Struggling under U.S. sanctions, Venezuelan President Nicolás Maduro is selling off his country’s gold reserves as he clings to power. That might be the only good excuse for selling gold now.
The shiny metal is finally having its day in the sun. Gold prices have shot up 6.9% in June alone. The jump has been inspired by both the desire for a haven as the U.S. economy slows down and global tensions ratchet up, and the recently confirmed dovishness of global central banks. The price of gold passed $1,400 on Friday, the highest level since September 2013, and a breakout could potentially attract a new wave of investors and confirm that gold is finally a must-own asset again.
While gold doesn’t offer yield like bonds do, this matters less in a world where rates on many fixed-income assets are at historic lows. Investors also expect the Federal Reserve to cut its target rate later this year, which could cause the U.S. dollar to fall. A cheaper greenback could help gold gain even more traction because gold prices tend to move in the opposite direction of the dollar.
Gold could also benefit as countries diversify their reserves away from dollar-denominated assets, says David Kotok of Cumberland Advisors. Global central banks have been accumulating gold over the past decade, with China tripling its gold reserves since 2009 and Russia increasing its by four times, according to World Gold Council data. “What they’re doing is to substitute gold in an increasing amount for U.S. Treasury holdings,” explains Kotok, “If China broadens its gold holdings further to match other countries, such an appetite will cause an upward movement in the gold price.”
If the case for owning gold is clear, how to get that exposure is a more complicated decision. Investors can buy the bullion—either as bars or coins—from gold dealers directly. Many financial advisors, banks, and stockbrokers also offer such a service. Commissions can be high, however, and there may also be a cost for storage.
An easier way to play rising gold prices is to own shares of exchange-traded funds that are backed by the precious metal and track its price closely. There are many available that differ in cost, liquidity, and where the gold is stored, but provide nearly identical returns. The $33 billion SPDR Gold Shares ETF (GLD), the first and largest of the gold ETFs, charges $40 for every $10,000 invested a year, while the $12 billion iShares Gold Trust (IAU) charges $25. Some newer alternatives, including the GraniteShares Gold Trust (BAR) and Aberdeen Standard Physical Swiss Gold Shares (SGOL), charge even lower fees, but aren’t as liquid as the larger ones.
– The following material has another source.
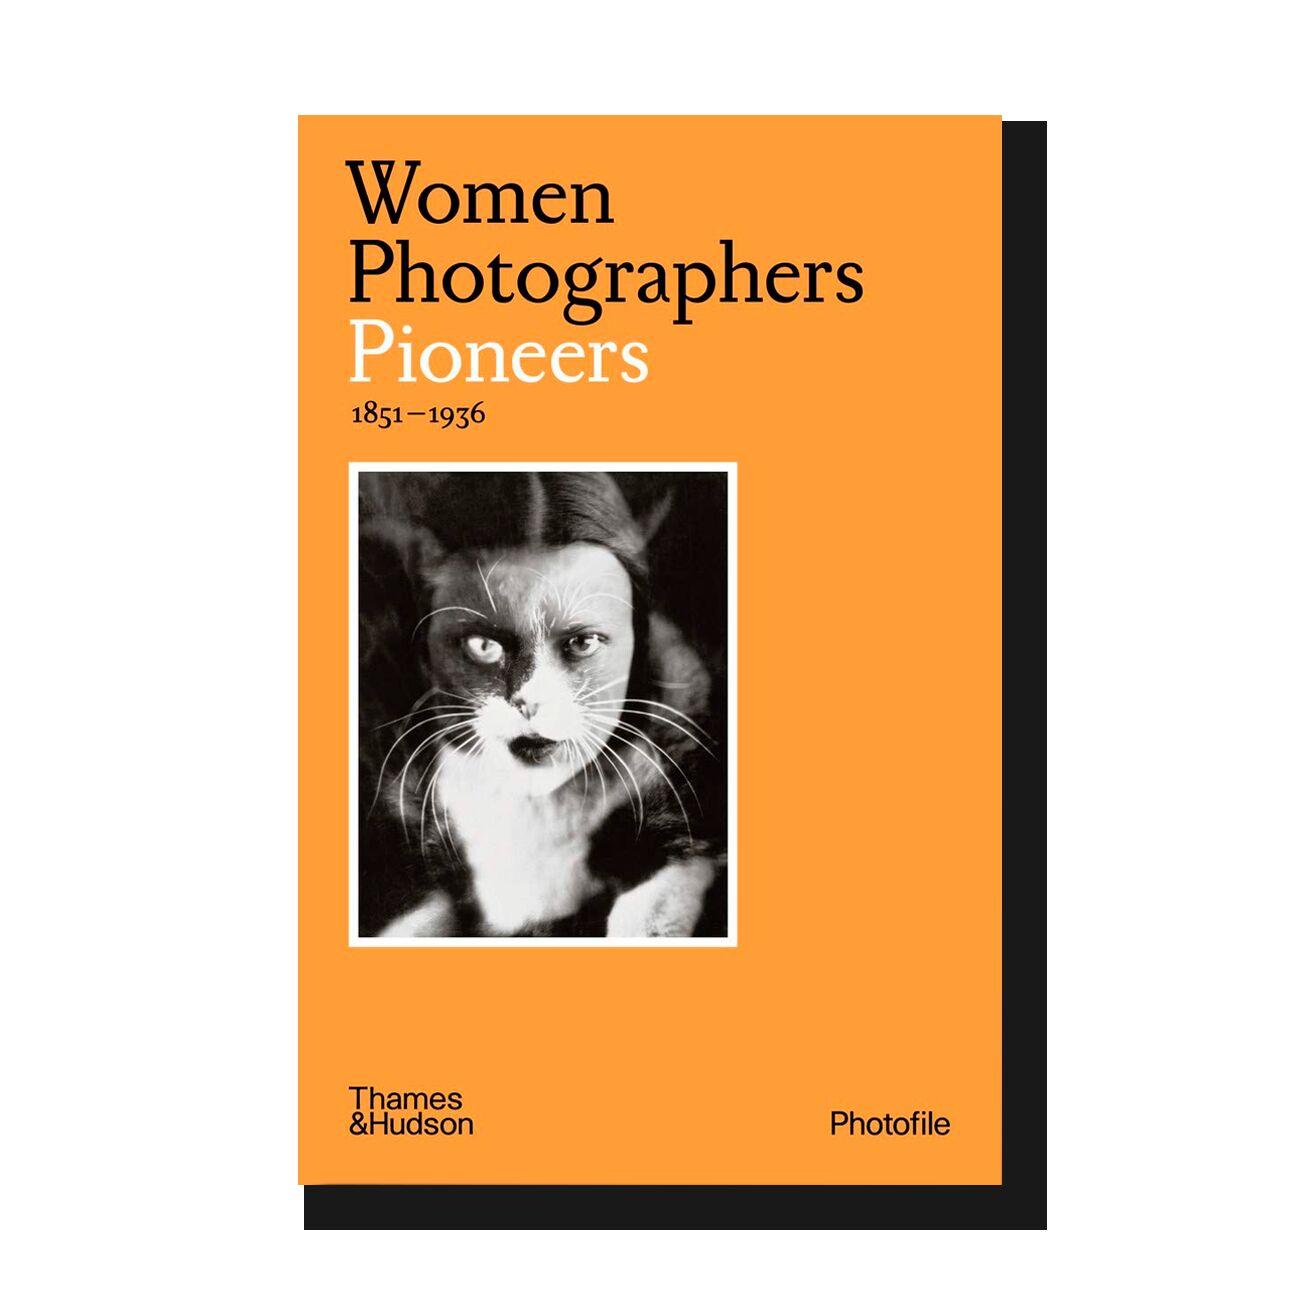 Women Photographers: Pioneers

Still, given the bullish backdrop, buying gold miners instead of gold itself might be the most rewarding—if riskier—way to play the precious metal. When gold prices rise, so does gold-miner revenue, which some investors have described as an embedded “option” on the metal. That makes miners highly correlated with the commodity price, but with an extra boost when gold prices are rising.
That is exactly what has happened in June. The VanEck Vectors Gold Miners ETF (GDX), which holds shares in 46 major gold miners, including Newmont Goldcorp (NEM), Barrick Gold (GOLD), and Newcrest Mining (NCMGY), has climbed 16% in June on the back of gold’s rally.
Unfortunately, the same principle holds true when gold prices fall—as anyone who has owned the miners during the past seven years can tell you. But with all the pieces falling into place, that bet might finally be ready to pay out.